This resolution has to get through the Senate (the US’s upper legislative chamber) to have any real effect, and even then could face a presidential veto, so there is a strong element of playacting involved, and the resolution is itself hedged about with get-out clauses.
For example, the withdrawal is not to include US armed forces that are supposedly fighting al-Qaeda in the Arabian Peninsula. And for sure there is a deal of hypocrisy in those same Democrats that happily cheered O’Bomber on in Syria now suddenly developing a conscience about Yemen.
Nevertheless, this move by the US House of Representatives is significant for what it reveals about the indecision besetting ruling circles over the unwinnable war against the Yemeni people. (House passes resolution to end US aid for Saudi war on Yemen, PressTV, 14 February 2019)
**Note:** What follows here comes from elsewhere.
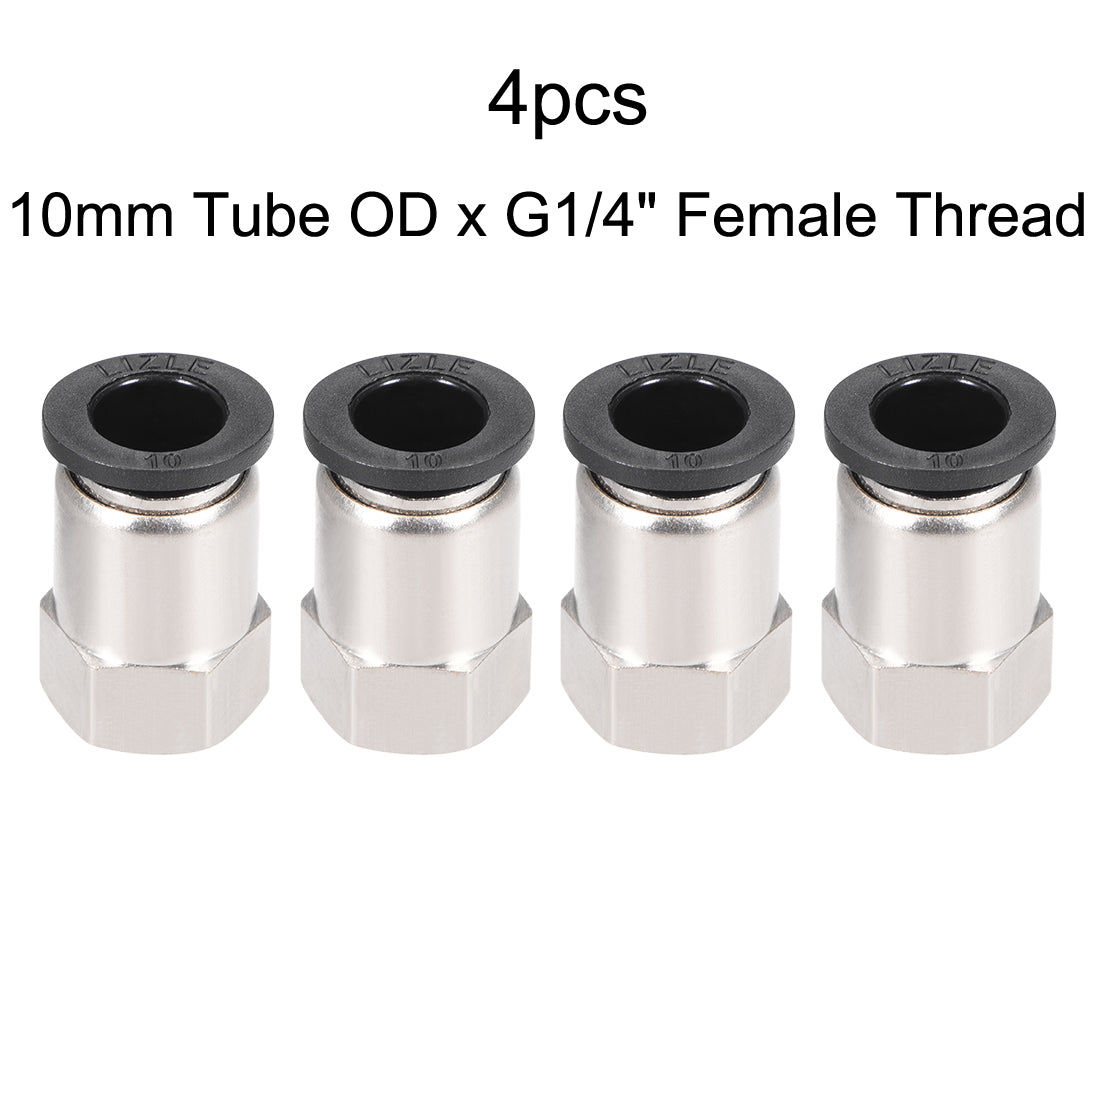 uxcell Uxcell Push to Connect Tube Fitting Adapter 10mm OD x 1/4PT Female Silver Tone 4pcs
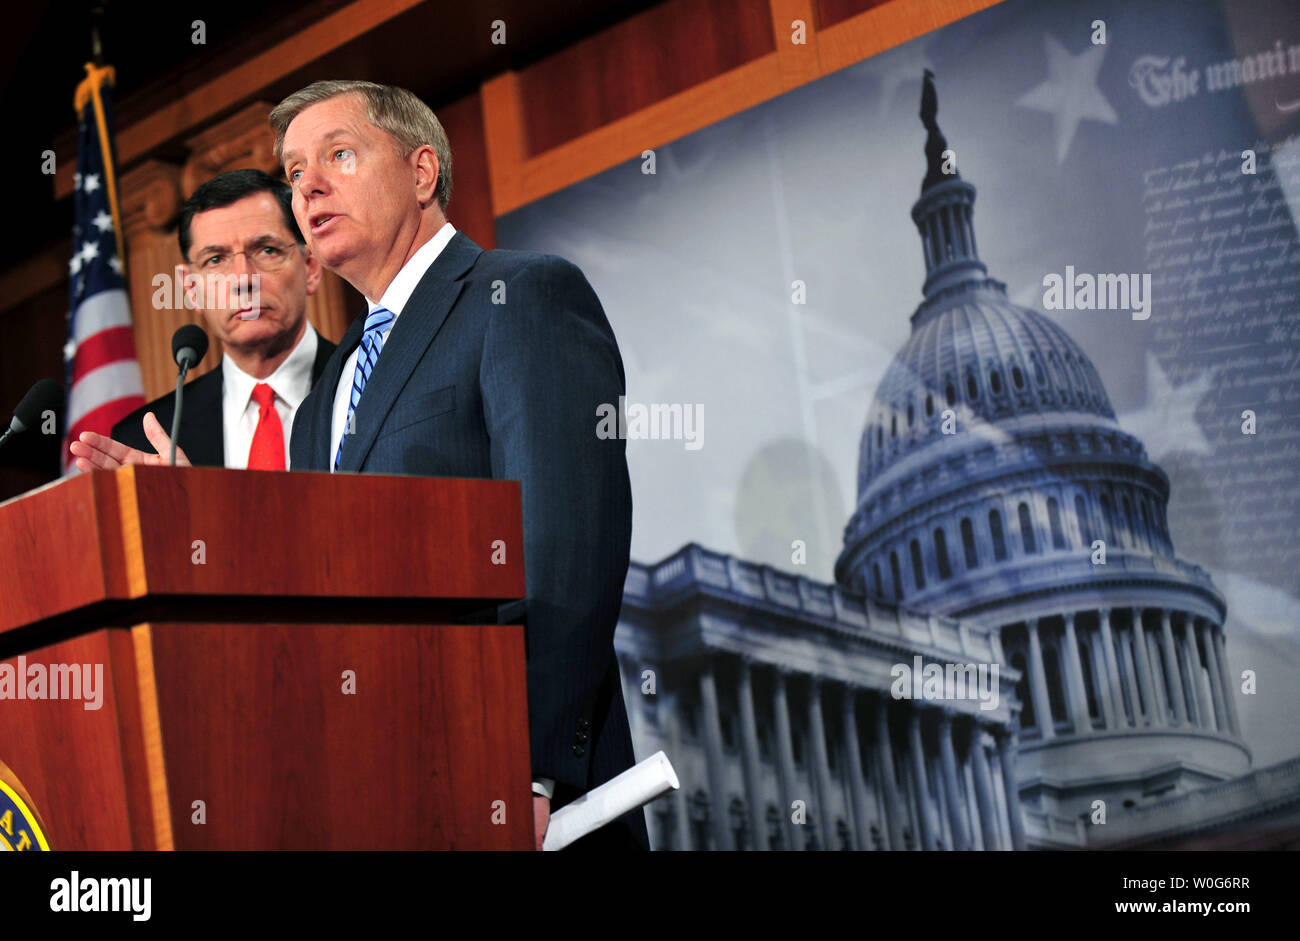 Sen. Lindsey Graham (R-SC) and Sen. John Barrasso (R-WY) speak at a news conference on legislation to repeal and replace the health care law by allowing states to 'Opt-Out' of its major provisions, Capitol Hill in Washington on February 1, 2011.  UPI/Kevin Dietsch.. Stock Photo

Here in Britain, even some in the decrepit House of Lords are wanting to distance themselves from this vile war. An all-party House of Lords committee, chaired by Lord David Howell (a former Tory minister who served under Margaret Thatcher), concluded that Britain is on “the wrong side of the law” in exporting arms to Riyadh for their war in Yemen, calling on the government to suspend the export licences and condemn “any further violations of international humanitarian law by the Saudi-led coalition, including the blocking of food and medical supplies.”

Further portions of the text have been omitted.